The doubling (twinning) effect is seen in products of both the collective and individual psyche. It can also readily be observed in one’s own dreams whenever a shift of personal consciousness is imminent and/or necessary. When the dominant ego function gets worn out and becomes sclerotic, the individual is challenged to adapt and change, to admit another possibility of functioning. This is a difficult, awkward, painful process. In psychoanalytic practice, the task of becoming aware of and relating to all the potentialities of the personality, conscious and unconscious is called “individuation.” When an individual stands to this challenge, the process of individuation constellates the imagery of twins, which then appear in our dreams and fantasy material. The motif of twins in collective fantasy material is a harbinger of an expanding conscious awareness which results in civilization at the macro level. The motif of twins in dreams and fantasy material of the individual is the herald of a more expansive and comprehensive personality at the micro level of the individual. This is because twins indicate the possibility for a conscious differentiation (realization) of opposites. Differences between the opposites must be recognized before they can be integrated. It is the integration of the opposites that results in an expansion of consciousness. Symbolically, the twin represents the psychological fact that there is another within that is at once just like us, as a brother or sister, and yet not like us. The twin is the metaphor for a psychological realization of the opposite within.

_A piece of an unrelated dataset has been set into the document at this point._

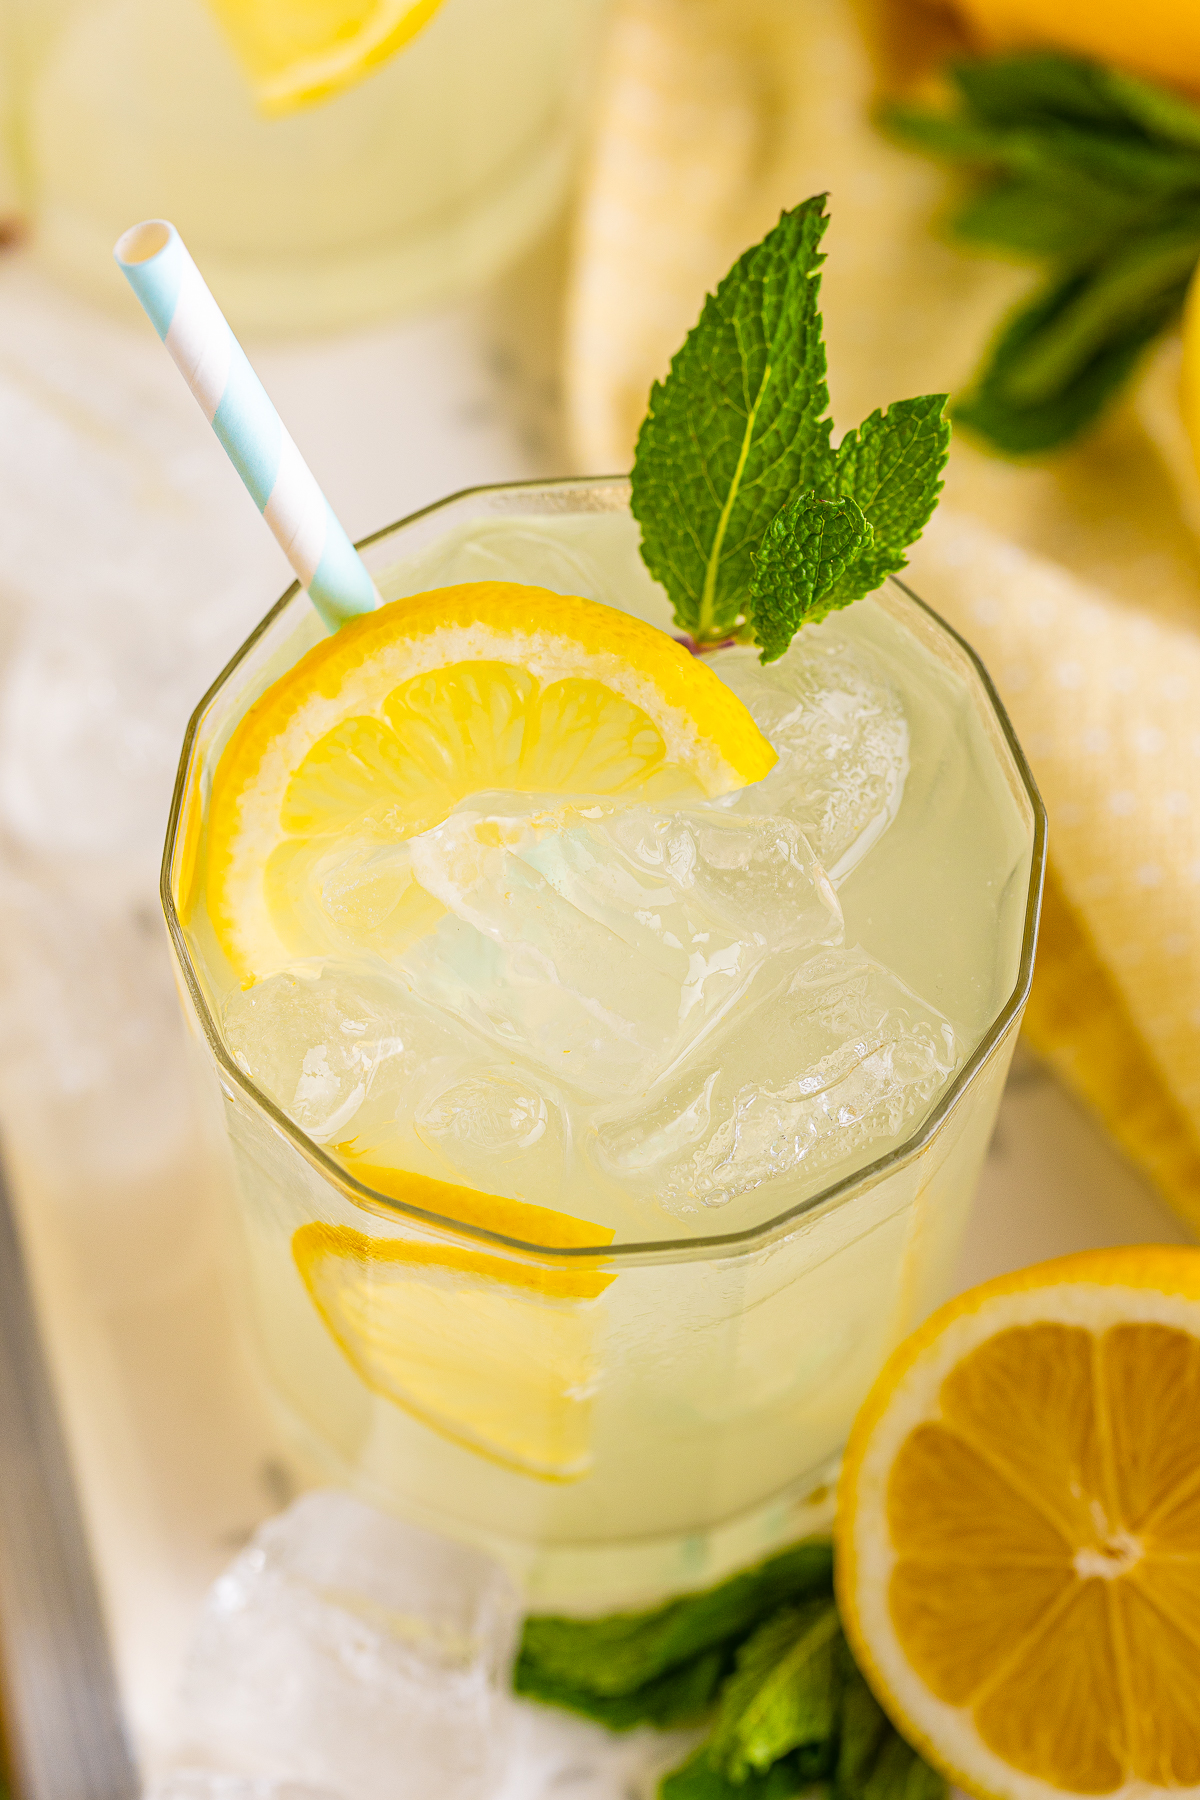 Overhead of glass of the Lemonade Recipe in glas with lemon and mint garnish.

Today we see everywhere a pair of feminine opposites emerging: the dominatrix and the bimbo. The eruption of the “witch/dragon/devouring mother/dominatrix” motif we see today has its polar opposite “twin” counterpart in the simultaneous eruption in mainstream culture of the insipid, effete bimbo with her equally stupid and insipid partner, the “bimboy” of “The Bachelor/ Bachelorette” fame. These bimbo/bimboy television shows are equal-opportunity degradations of both the masculine and the feminine because they do not represent real persons but typologies, generic archetypes. That these figures (dominatrix/bimbo) represent two opposite unconscious feminine archetypes is undeniable, as they have no discernible differentiated human personality. Is there anyone who actually knows someone who is like these stereotypes? I don’t, and I cannot imagine that anyone else does either, but I worry that I could be wrong about that. I worry that because of the media fascination and massive marketing campaigns for huge financial gains (unconsciousness makes for huge profits for marketers), some poor souls are so completely unconscious that they have become identified with one or the other of these archetypes and sunk into the triviality of embodying, incarnating these archetypes rather than living their own creative human lives! That is a huge waste of human potential. Yet, if one takes an objective view of the hold the media have on collective consciousness, one can learn a lot.
The bimbo exists on the TV and movie screens because, on the one hand, she is the reflection of the masculine script writers’ anima problems. On the other hand, the bimbo lives because her opposite, the devouring lamia/dominatrix shows up all over the place today. Both of these generic types have “arrived” on the cultural landscape because more positive, more nuanced feminine values have been shoved down into the unconscious by a culture that is overly rational and materialistic. There is a crisis of soul, a crisis of feeling, a severance from our connection to the earth and the natural world. Refused life and expression, the positive, nuanced feminine values of feeling, relationship, intuition, and nature turn dark and malevolent and come back screaming in murderous rage, infanticide and matricide. The unconscious always seeks redress in order to balance the archetypal forces. Ignored and denied an invitation the party, the fairy nature godmother has turned evil.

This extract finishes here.